### Task input
----------------------------------------
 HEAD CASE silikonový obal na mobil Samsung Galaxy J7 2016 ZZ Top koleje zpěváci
----------------------------------------
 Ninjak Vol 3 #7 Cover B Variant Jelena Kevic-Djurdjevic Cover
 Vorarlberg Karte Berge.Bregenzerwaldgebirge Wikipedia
----------------------------------------
### Problem to work on
Could you repeat exactly the lines in the listing above from the one with "Ninjak Vol 3" down to the one with "Vorarlberg Karte Berge.Bregenzerwaldgebirge"? Include both of those lines.

### Written solution
 Ninjak Vol 3 #7 Cover B Variant Jelena Kevic-Djurdjevic Cover
 Vorarlberg Karte Berge.Bregenzerwaldgebirge Wikipedia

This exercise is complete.